I’ve recently started reading a bunch of new health/fitness blogs and one of my favourites of the bunch is “Oh She Glows” by Angela Liddon. She includes a bit of everything on her blog: breakfasts, lunches, dinners and the most delectable-looking treats I’ve ever seen. Everything is vegan and lot is also gluten-free. This recipe falls into both categories. You can find the original link here.
Yield: 2-3 as a main, 4-6 as a side.
Ingredients:
- 3/4 cup dry quinoa
- 1 pint strawberries, sliced (2.5-3 cups)
- 16 oz. fresh blueberries (1.5-2 cups)
- 1 cup cherries, pitted and sliced (I used fresh peaches instead)
- 2 tbsp pure maple syrup (or other liquid sweetener)
- 1 tsp balsamic vinegar
- 1 tbsp fresh lime juice (or lemon might work!)
- Pinch of kosher salt (I left this out)
- 1/2 cup almonds, chopped
Directions:
1. Cook quinoa according to package directions.
2. Meanwhile, chop the fruit and place in a large bowl.

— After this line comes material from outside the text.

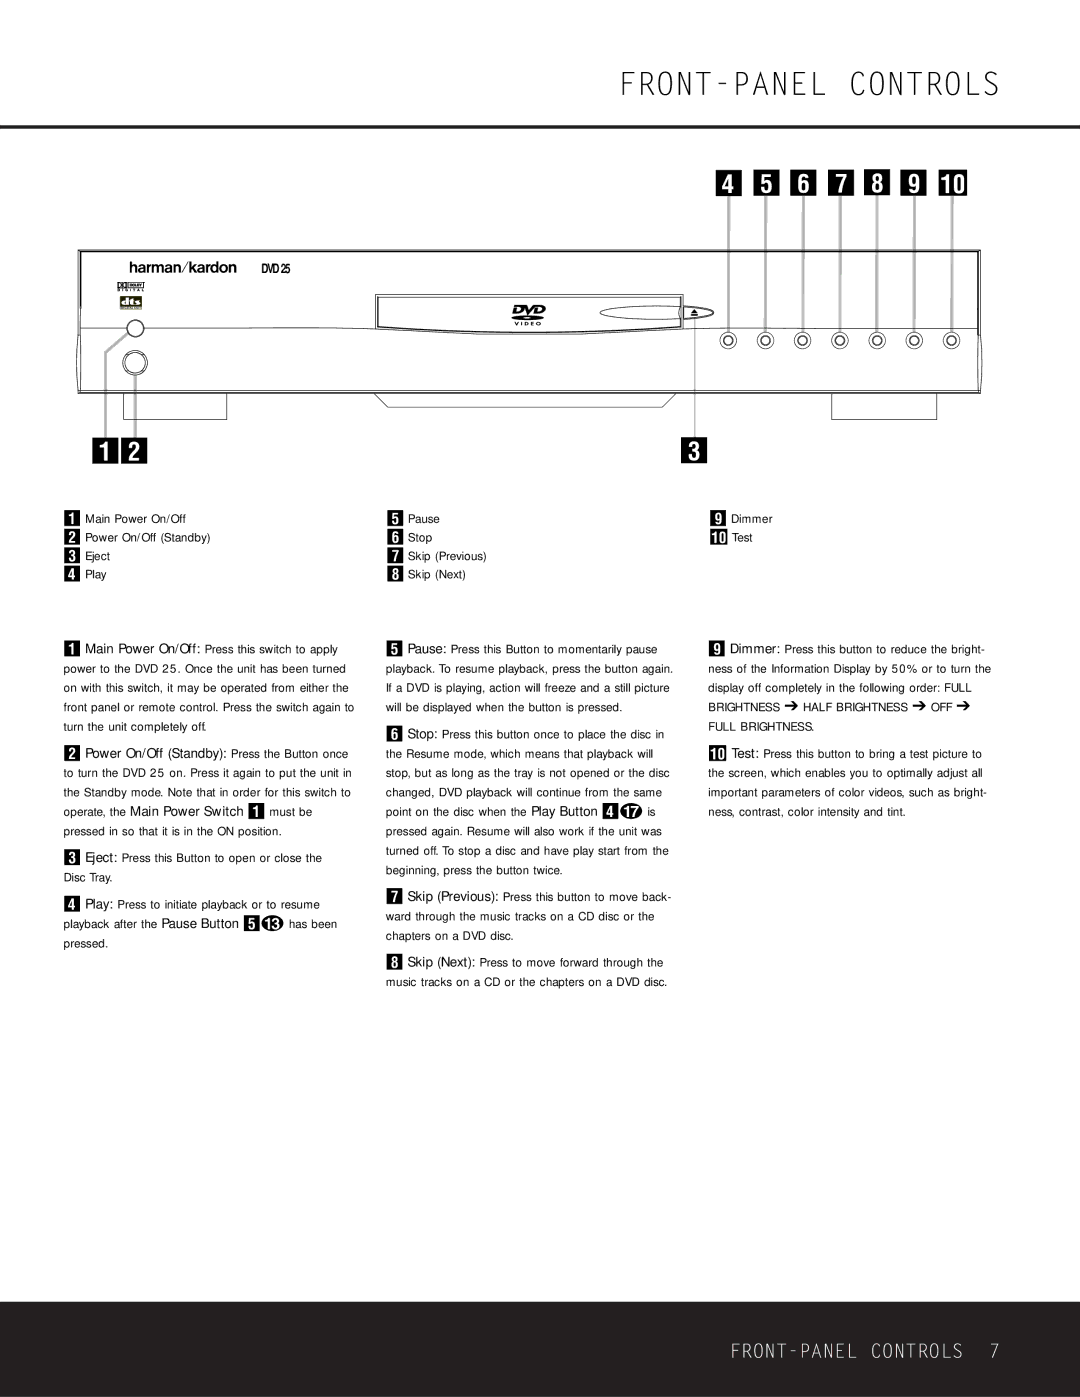 Harman-Kardon DVD 25 owner manual FRONT-PANEL Controls, Main Power On/Off Power On/Off Standby Eject Play, Dimmer Test

3. Mix the dressing ingredients (maple syrup, balsamic, lime juice, salt) in a small jar and adjust to taste if necessary. Note: You may have to double the dressing recipe if your salad is quite large.
4. Fluff cooked quinoa with a fork and add to large bowl with fruit. Combine. Pour on dressing and mix well. Serve immediately or chill in the fridge until serving time. Serves 2-3 as a main or 4-6 as a side. Or if you are reeeeally hungry 2 people!